Train

A library to build and train reinforcement learning agents in OpenAI Gym environments.

Build Status Documentation Status

Read full documentation here.

Getting Started

An agent has to implement the act() method which takes the current state as input and returns an action:

from train import Agent

class RandomAgent(Agent):

    def act(self, state):
        return self.env.action_space.sample()

Create an environment using OpenAI Gym:

import gym

env = gym.make('CartPole-v0')

Initialize your agent using the environment:

agent = RandomAgent(env=env)

Now you can start training your agent (in this example, the agent acts randomly always and doesn’t learn anything):

scores = agent.train(episodes=100)

You can also visualize how the training progresses but it will slow down the process:

scores = agent.train(episodes=100, render=True)

Once you are done with the training, you can test it:

scores = agent.test(episodes=10)

Alternatively, visualize how it performs:

scores = agent.test(episodes=10, render=True)
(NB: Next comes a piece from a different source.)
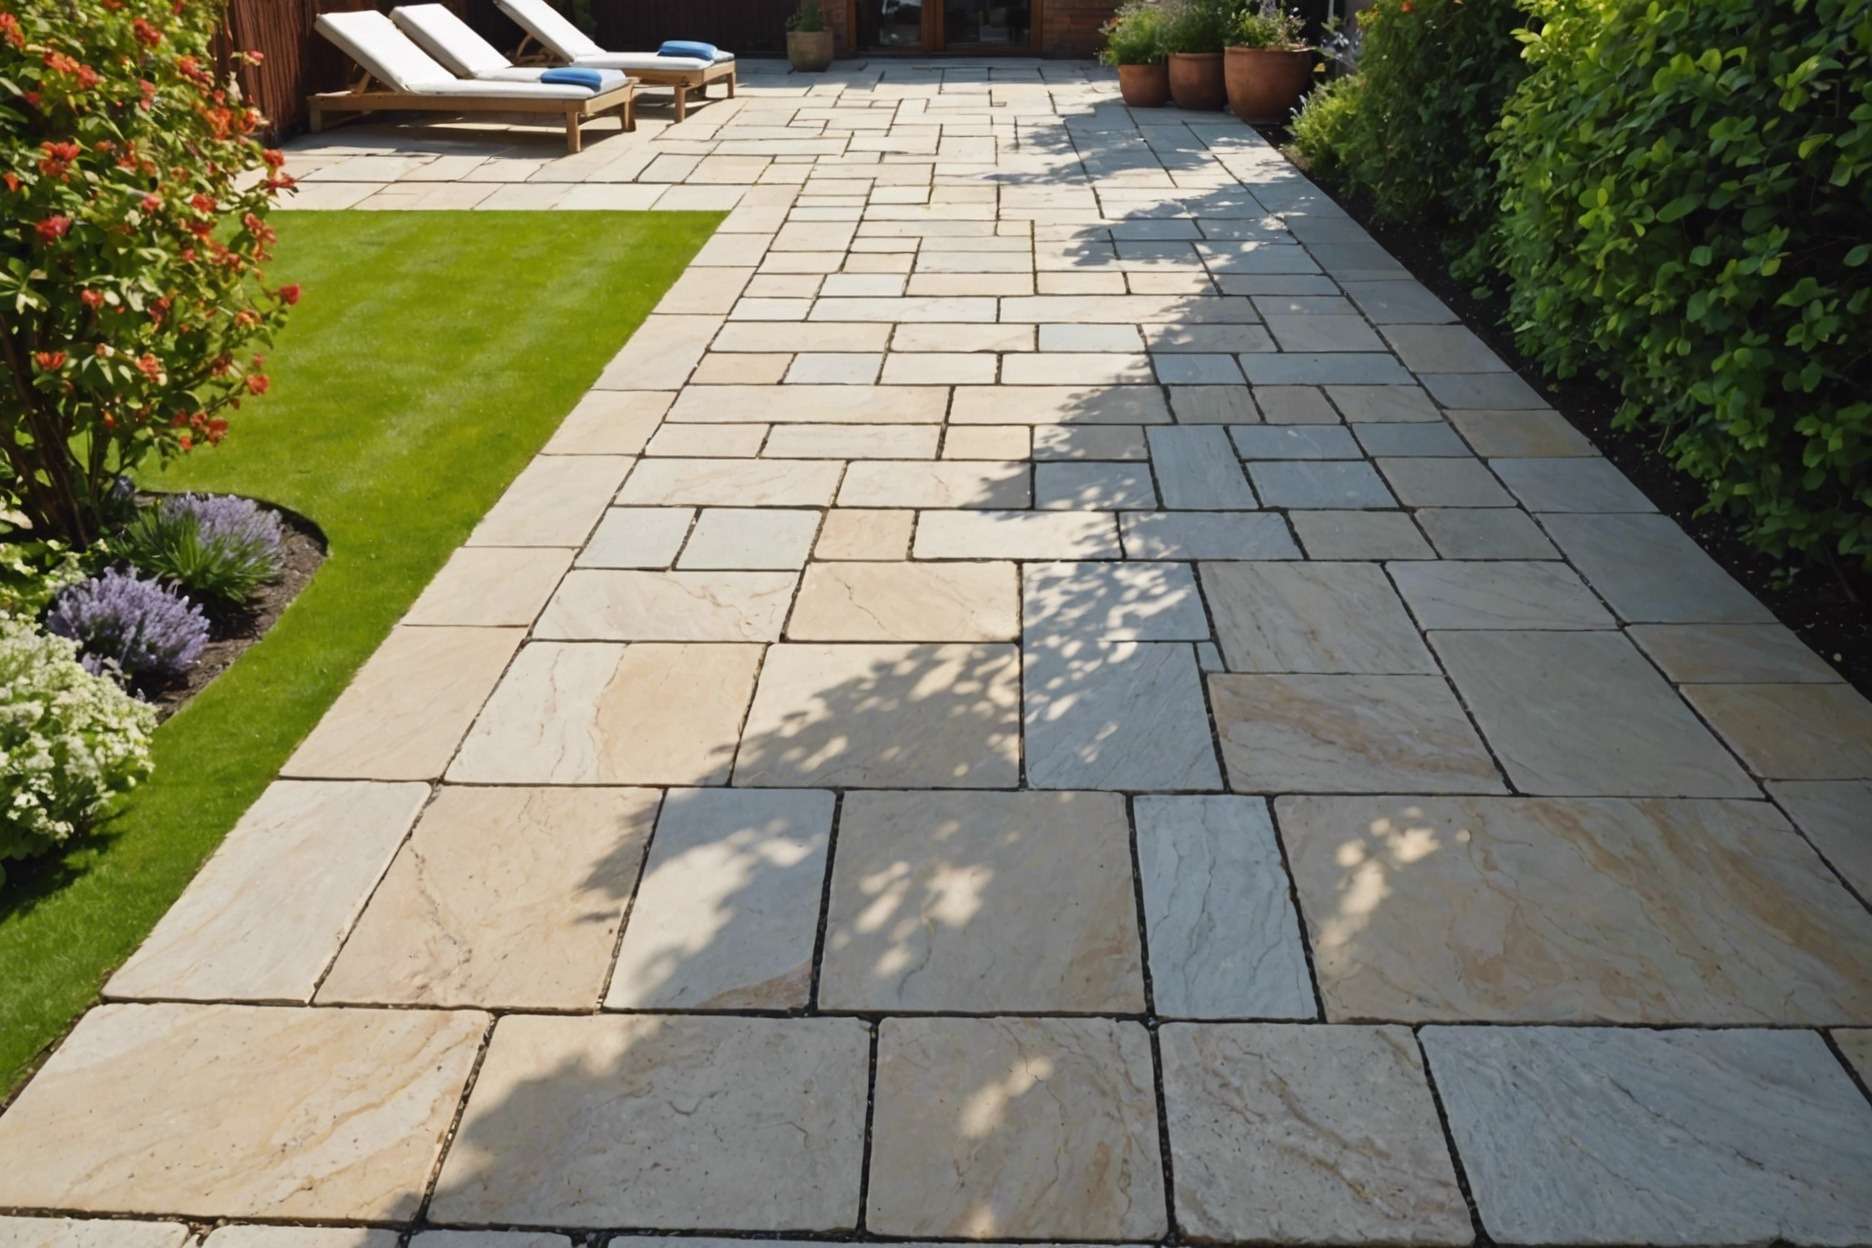 Granite and sandstone paving in sunny garden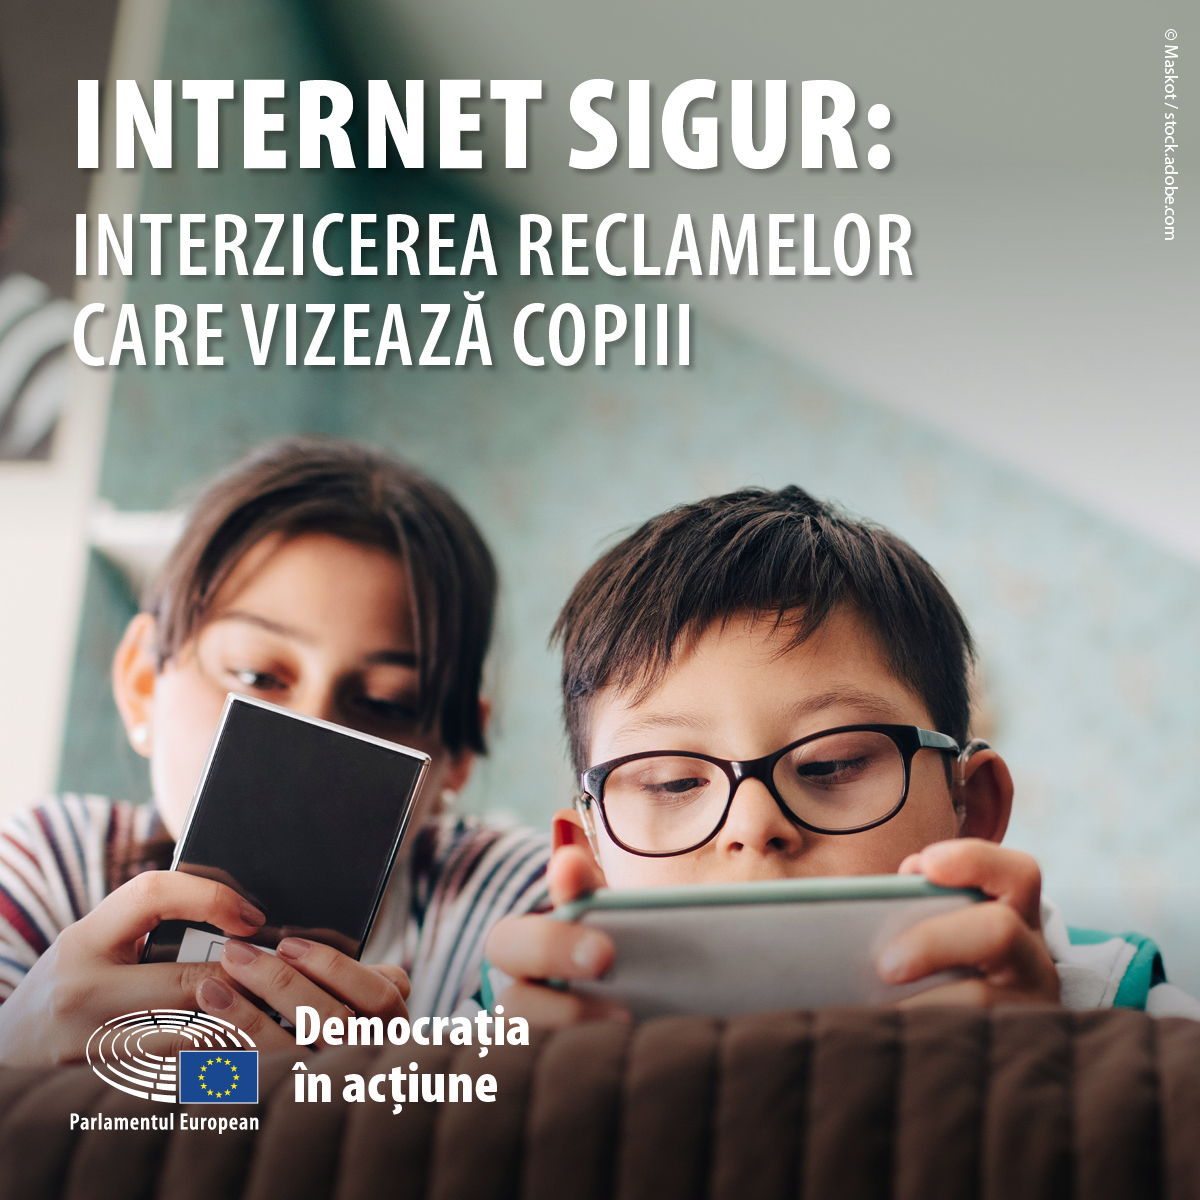 Safe Internet - Square.jpg

To learn more about how to build an agent that learns see agents documentation.

See examples directory to see implementations of some algorithms (DQN, A3C, PPO etc.) created using TensorFlow, PyTorch and NN libraries.

Installation

Requirements:

  • Python >= 3.6

Install from PyPI (recommended):

pip install train

Alternatively, install from source:

git clone https://github.com/marella/train.git
cd train
pip install -e .

To run examples and tests, install from source.

Other libraries such as Gym, TensorFlow, PyTorch and NN should be installed separately.

Examples

To run examples, install TensorFlow, PyTorch and install other dependencies:

pip install -e .[examples]

and run an example in examples directory:

cd examples
python PPO.py

Testing

To run tests, install dependencies:

pip install -e .[tests]

and run:

pytest tests

Agents

All agents should extend the base Agent class and implement the act() method:

from train import Agent

class MyAgent(Agent):

    def act(self, state):
        ...

When train() or test() methods are called, an action is selected by calling the act() method and passed to the environment. Then the environment returns a reward and observation. This entire transition (S, A, R, S’) is saved in a Transitions object which can be accessed using self.transitions. When an episode terminates, a new episode is started by resetting the environment and agent.

During training, the following callback methods on agent are called at respective stages:

on_step_begin
on_step_end
on_episode_begin
on_episode_end

These methods combined with the Transitions object in self.transitions can be used to implement various algorithms. on_step_end() can be used to implement online algorithms such as TD(0) and on_episode_end() can be used to implement algorithms such as Monte Carlo methods:

class MyAgent(Agent):

    def on_step_end(self):
        # DQN
        S, A, R, Snext, dones = self.transitions.sample(32) # randomly sample transitions
        ...

    def on_episode_end(self):
        # REINFORCE
        S, A, R, Snext, dones = self.transitions.get() # get all recent transitions
        self.transitions.reset() # reset transitions for next episode
        ...

Note

Transitions are not recorded when running test().

Agent

class train.Agent(state=0, transitions=1, **kwargs)[source]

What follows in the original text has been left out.